AIC is one of a few criteria to select models, typically in multiple regression studies. In the selection process, models with similar AIC values may have different sets of variables. Other characteristics of the competing models should be taken into consideration to shortlist the favourite model. Assuming there are no complications with the elected model, that is, diagnostics show no violation of assumptions, the importance of the variables in the "best" model can be seen by their respective P-values; loosely, this is also reflected in the correlation coefficient with the dependent variable.
Bibliography:
DRAPER, N.R. and SMITH, H. 1981. Applied Regression Analysis. Wiley.
MONTGOMERY, D.C. and PECK, E.A. 2007. Introduction to Linear Regression Analysis. John Wiley & Sons.
MYERS, R.H. 2000. Classical and Modern Regression with Applications. Duxbury Press.
I'm not quite sure whether I understand your question correctly, but I'll try to explain....
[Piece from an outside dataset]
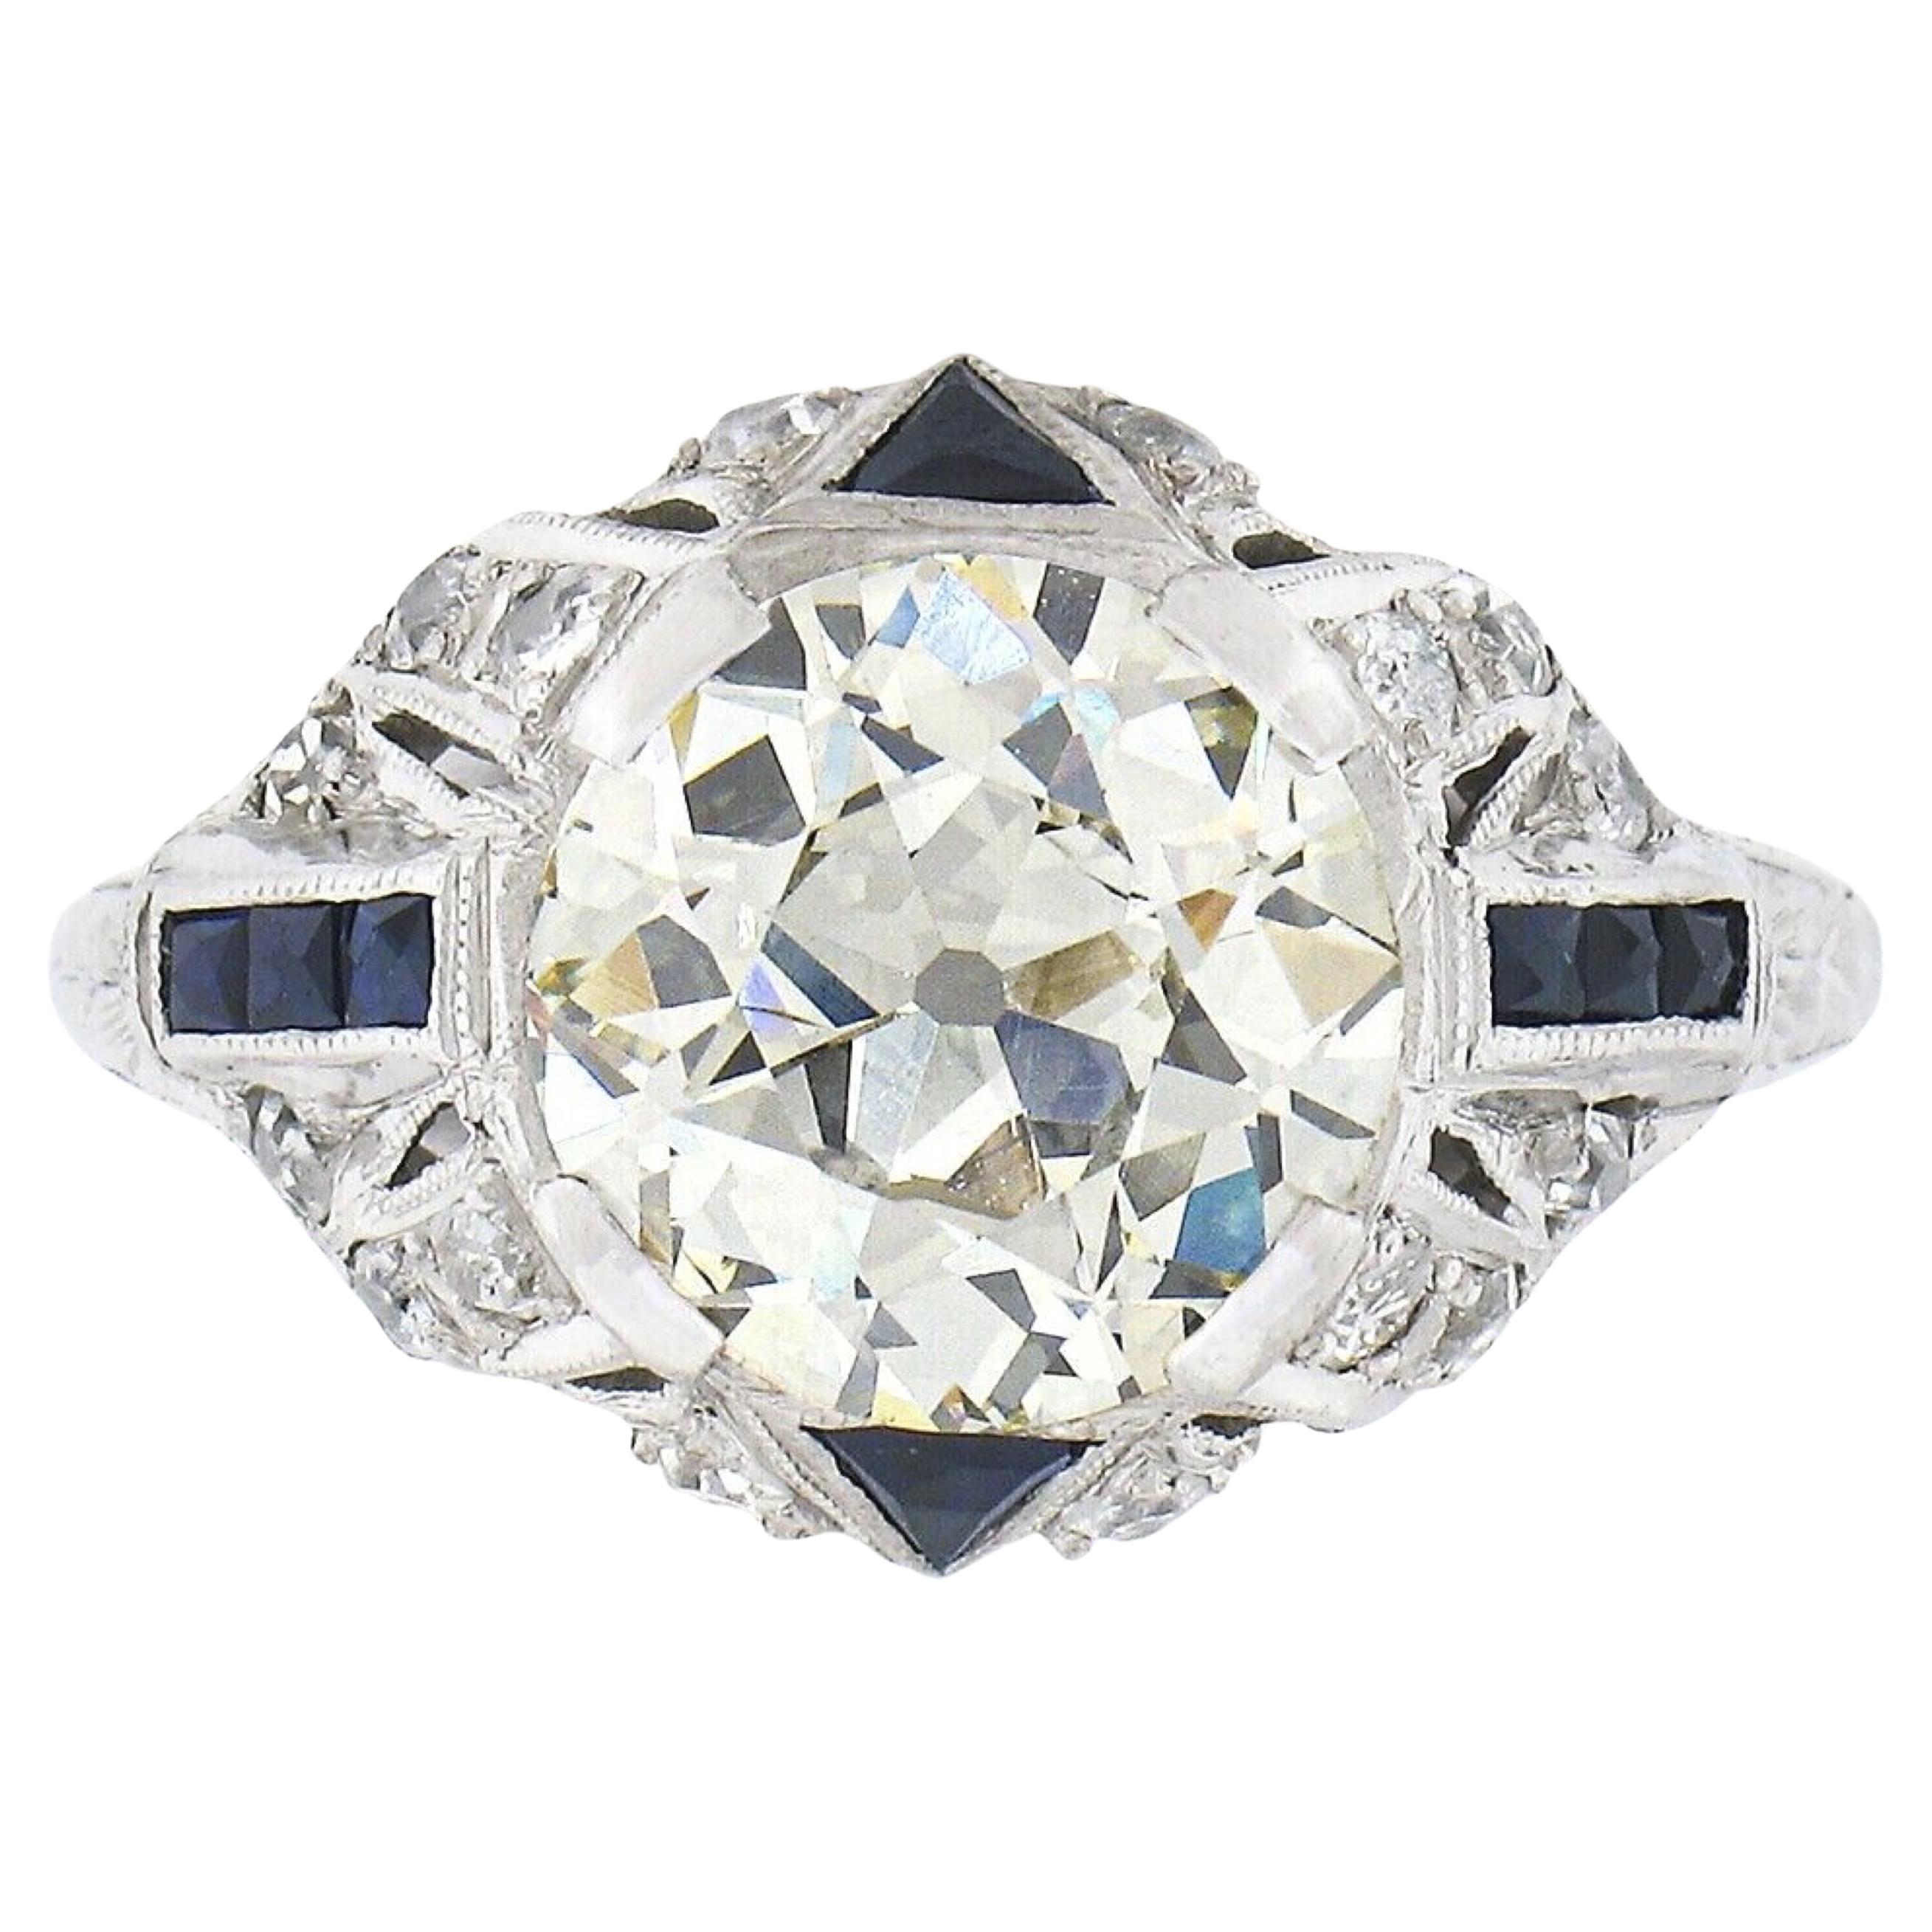 Antique Art Deco Platinum 3.29ct GIA European Diamond & Sapphire Engagement Ring
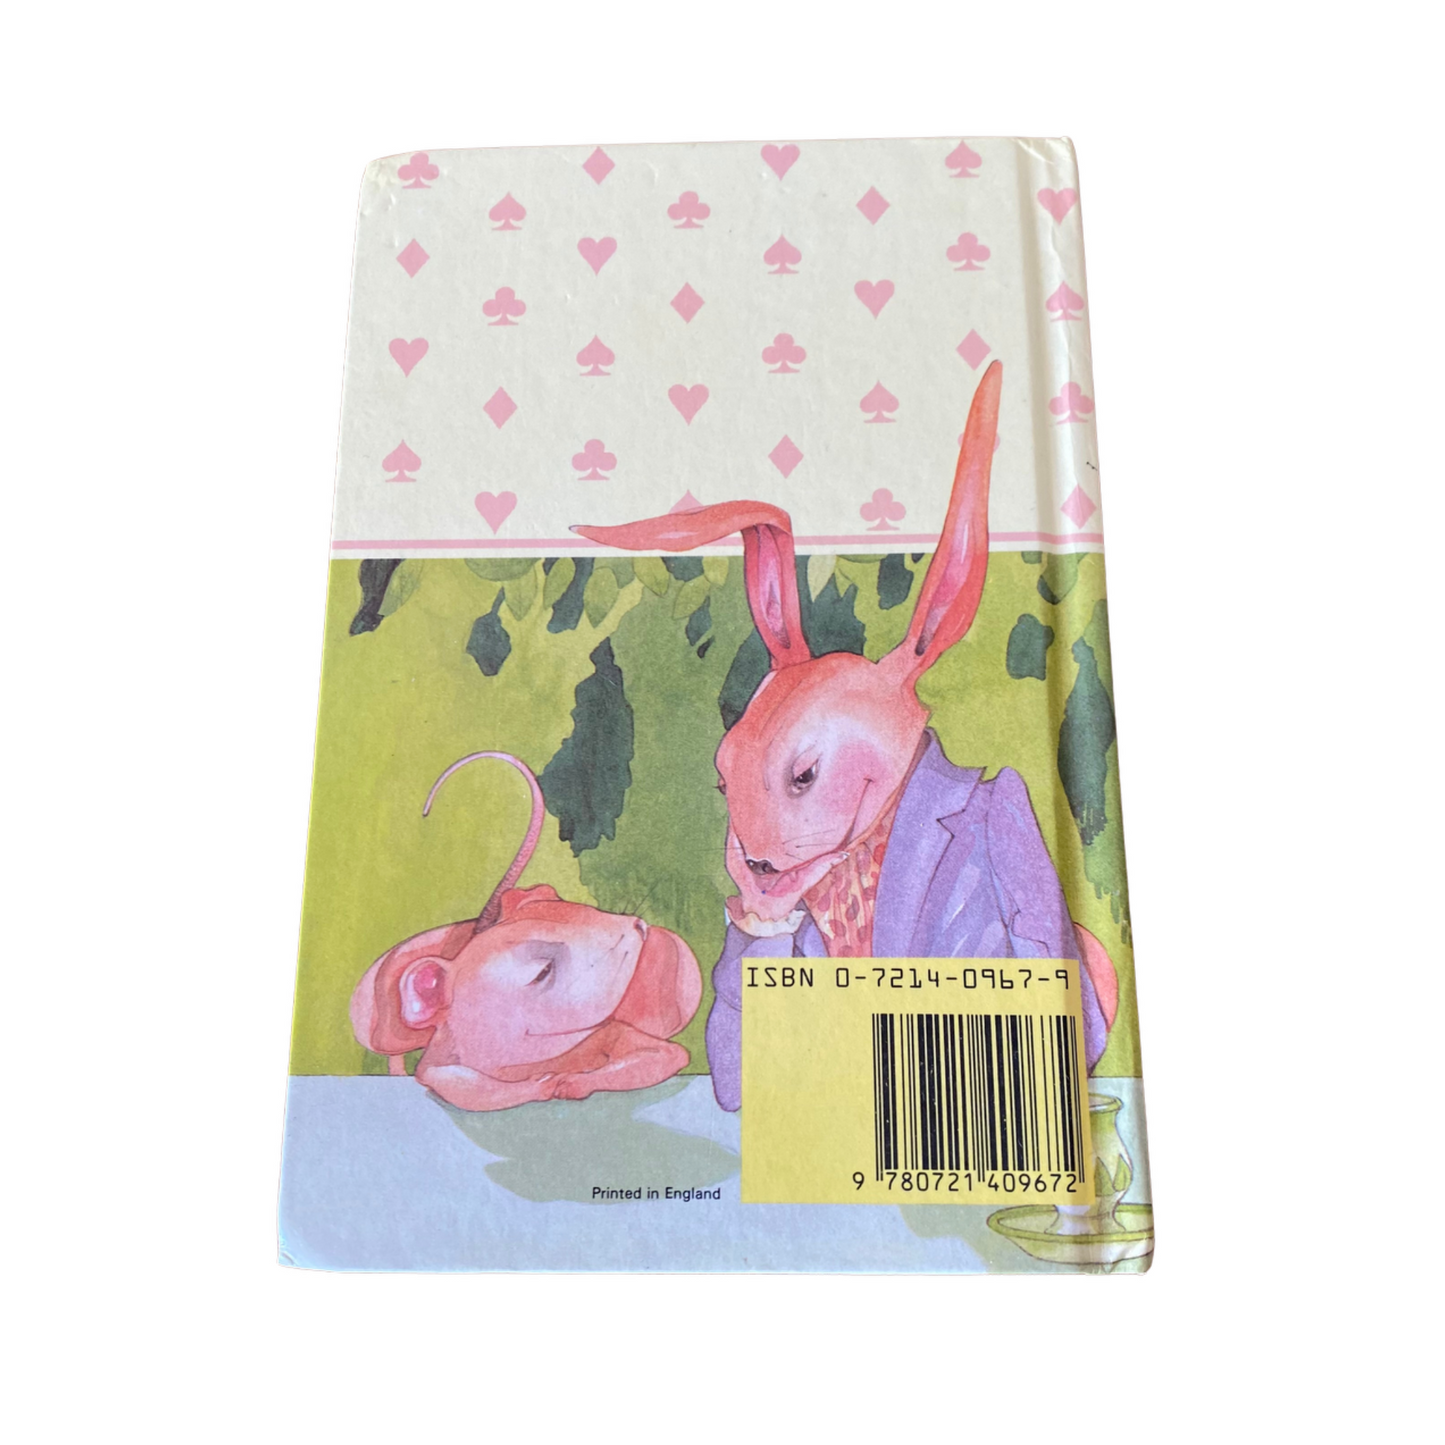 Vintage ladybird book,  Alice in Wonderland, Ladybird Children’s Classics. Series 740 . Great gift idea

The AIC does not give you results which can be interpreted directly. It just gives you a hint which model you should apply given a set of candidate models. Like common for these information criteria, it takes the log-likelihood of the model as accuracy measure on the one hand but punishes for the inclusion of many exogenous variables into the model. The AIC is therefore in my opinion the wrong measure regarding your question. The p-value is not really a correct measure for the importance of the variable either. It just tells you with which probability the respective variable indeed is correlated with your dependent variable.
You COULD take the likelihood of the unrestricted model and compare it to the likelihood of the restricted model leaving one of the explanatory variables out. This would give you the "relative loss in accuracy" due to omission of the variable.
E.g. calculate the Likelihood of model M1, leave variable X out (M2). Instead leave variable Y out in the next step(M3). If the likelihood in M2 is bigger than the one in M3, you know that Y is "more important" than X.
Not textbook-based, but I would handle this by intuition if your aim is to understand this thing.